Pascarelli’s comments must have gotten back to Selig quickly because a day later, he appeared in a special podcast just to apologize.

“I wanted to clean up something I said on Thursday, which was not said in the right way, for which I apologize concerning the commissioner of baseball, Bud Selig … I made a throwaway line about the stateue that is being put up in his honor at Miller Park in Milwaukee … you know how I am – I’m not exactly the glibest person at times, sometimes my sense of humor is clumsy, and this was as clumsy as it gets. And for that, I really apologize both to Bud Selig and everybody at ESPN … to have something like this happen is not good on my part. It is completely my fault, no one else is responsible for it.”

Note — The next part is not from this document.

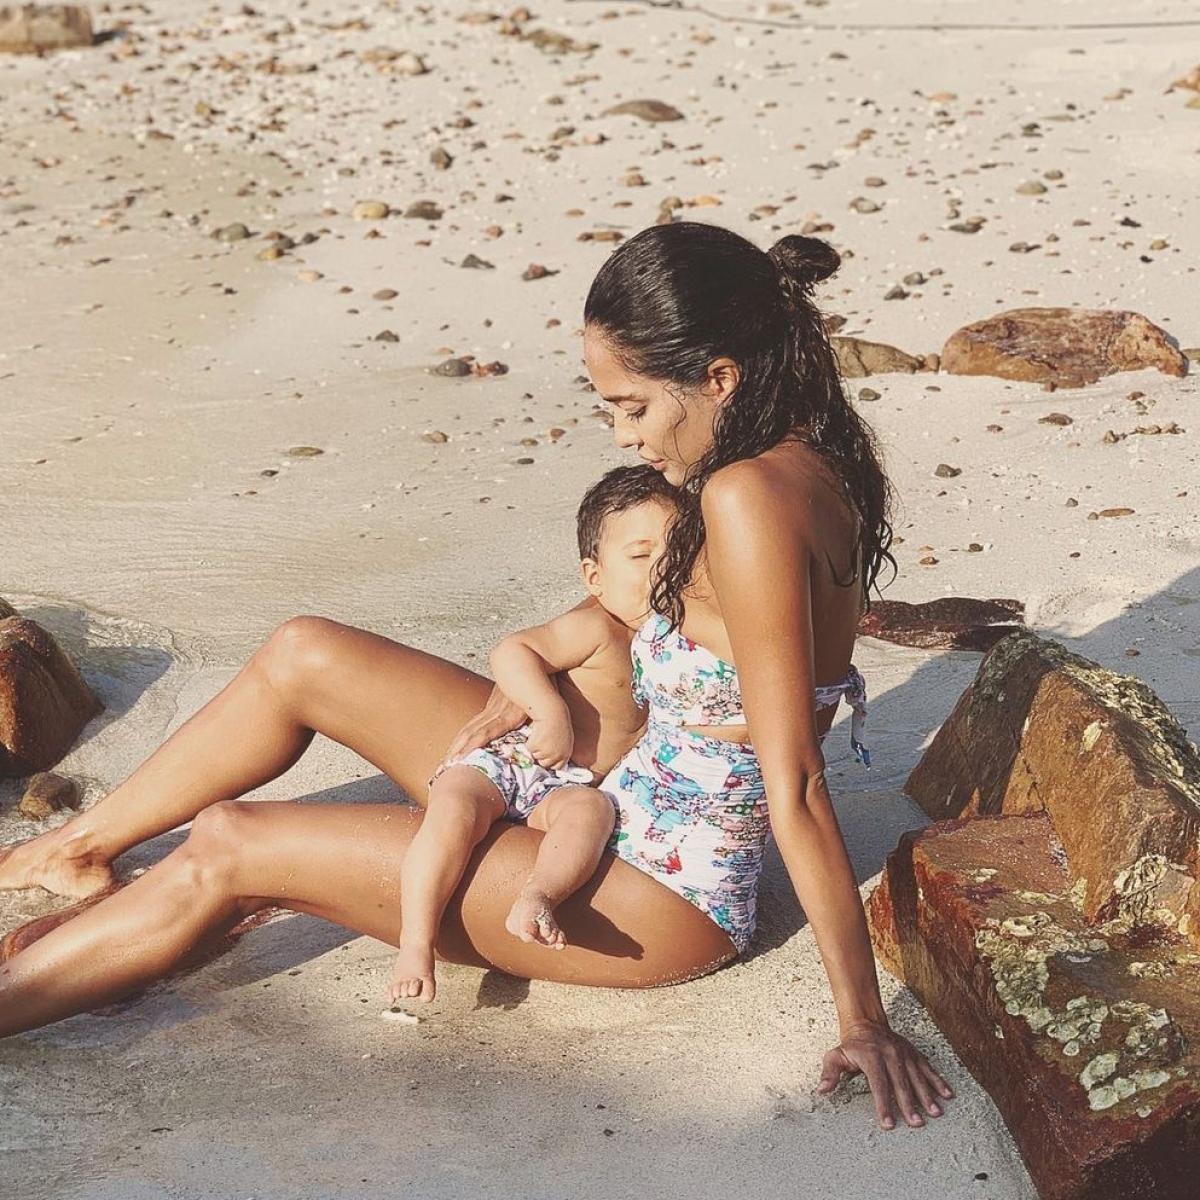 Lisa Haydon expecting third child with husband Dino Lalvani, reveals baby's gender

Pascarelli then offered up a history lesson on Selig (as if he were reading it from wikipedia or something), and closed with: “I dismissed [the statue] and denigrated it in a stupid and sophomorish way and for that I apologize.” He then said the podcast would “be the same” but with “a little bit of a monitor on the babble.”

The podcast returned today … with just Eric Karabell and no sign (or mention) of Pascarelli.

While ESPN had no comment on Pascarelli, a source tells us his days on the podcast are over.